Tipping point for US-Pakistan relations?

With Pakistan keeping the supply routes to Afghanistan shut the US is facing growing pressure to resolve its disputes with its troubled ally. Journalist Gareth Porter believes Pakistan may soon start opposing the US and should prepare to live on its own.

Porter told RT that relations between the US and Pakistan are at a “potential tipping point” and Islamabad may start openly opposing the majority of US policies in the region.

The supply routes to Afghanistan are a fundamental source of leverage Pakistan has on NATO and the United States as they cannot continue the war in Afghanistan for very long with the routes closed, he explained.

He believes “the United States would be forced to make concessions to Pakistan to try to make amends in the end in order to save its policy in Afghanistan.”

Porter also thinks that Pakistan should expect to live with a lower level of economic assistance in the future than it had in the past should it become independent of US foreign policy.

Pakistan is reportedly considering imposing a tax on US and NATO supplies going to Afghanistan via its territory.

The route was shut down three weeks ago after a NATO air strike killed 24 Pakistani soldiers, bringing relations between Washington and Islamabad to a new low.

However Richard Weitz, from the Center for Political-Military Analysis says that given the context of the worsening relations between Pakistan and the US the possibility of the tax being imposed is not that bad for the United States.
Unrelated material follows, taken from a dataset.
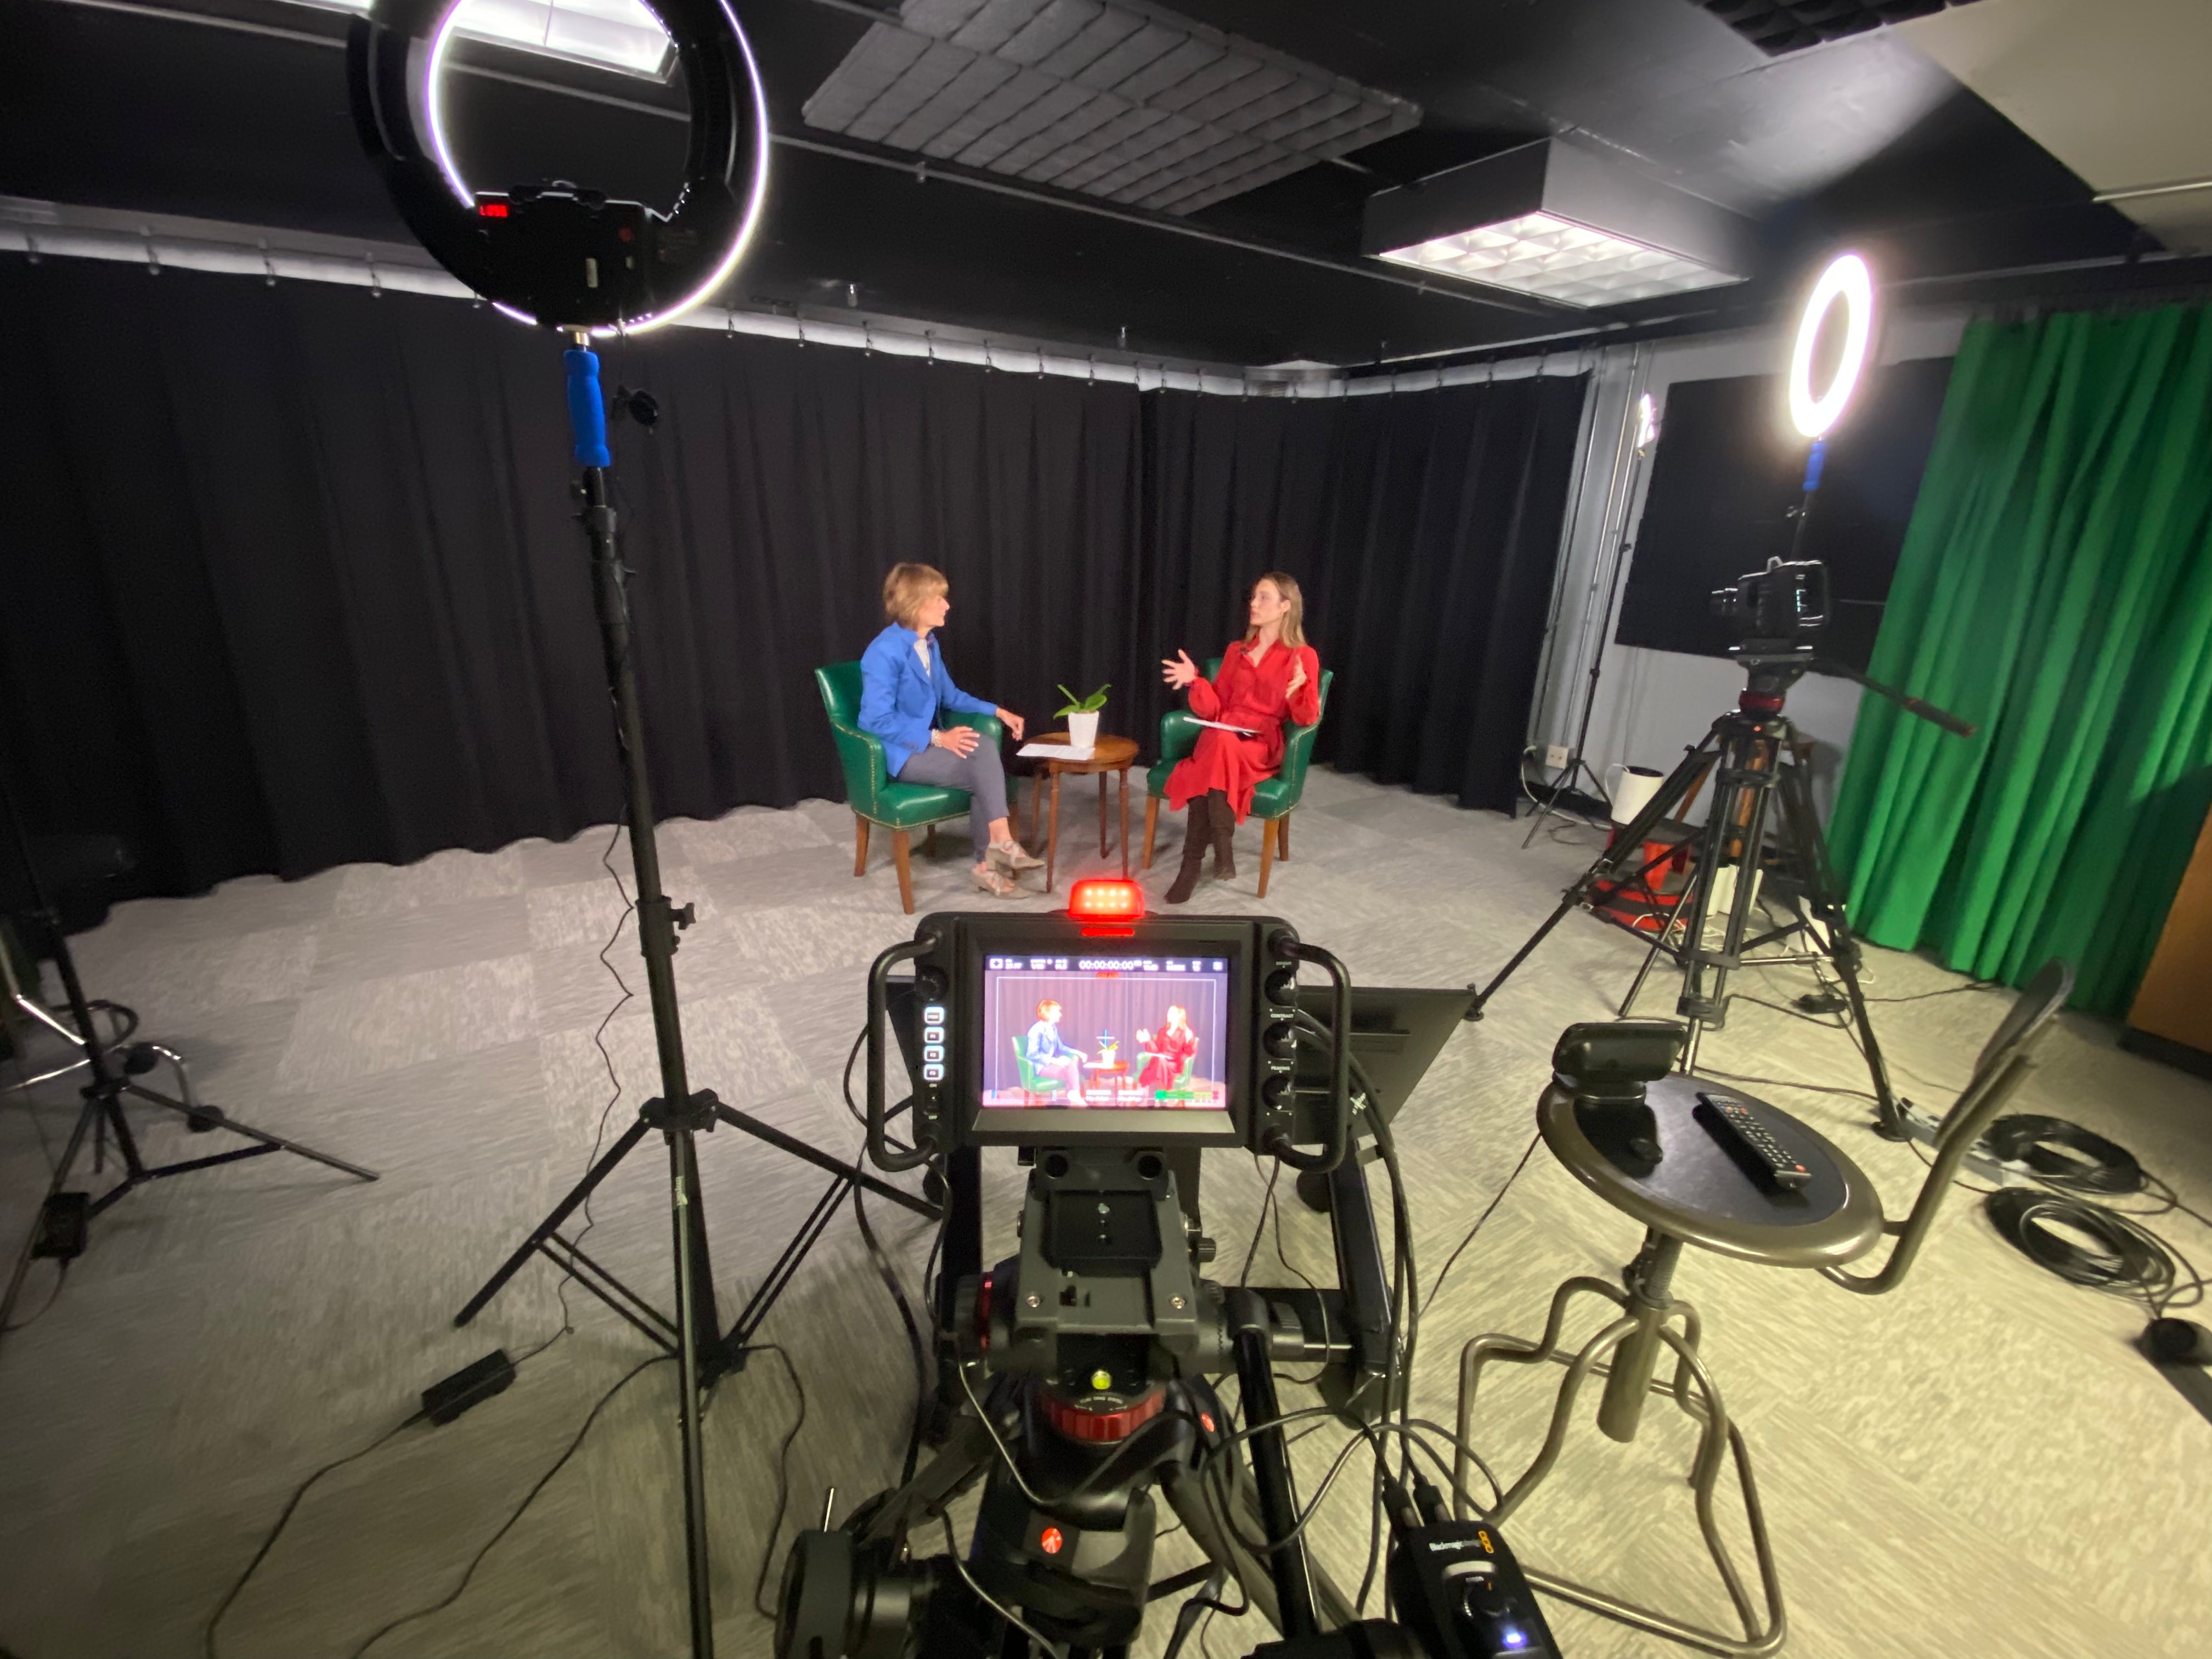 Linda Hall Library Manager of Strategic Partnerships, Kaylee Peile, interviewing Women in STEM advocate Libby Allman for a YouTube series.

What they’ve done this time as opposed to previous occasions is shut down both supply corridors and, keeping them closed, they boycotted the Bonn conference on the recovery of Afghanistan. They’ve announced a review of relations with NATO and the US.”

The worst scenario is that those supply lines don’t open at all,” Weitz argues.

Porter says that the threat is quite credible. “Given the degree to which the popular mood is so angry at the United States, there is very strong pressure from below to maintain that policy.”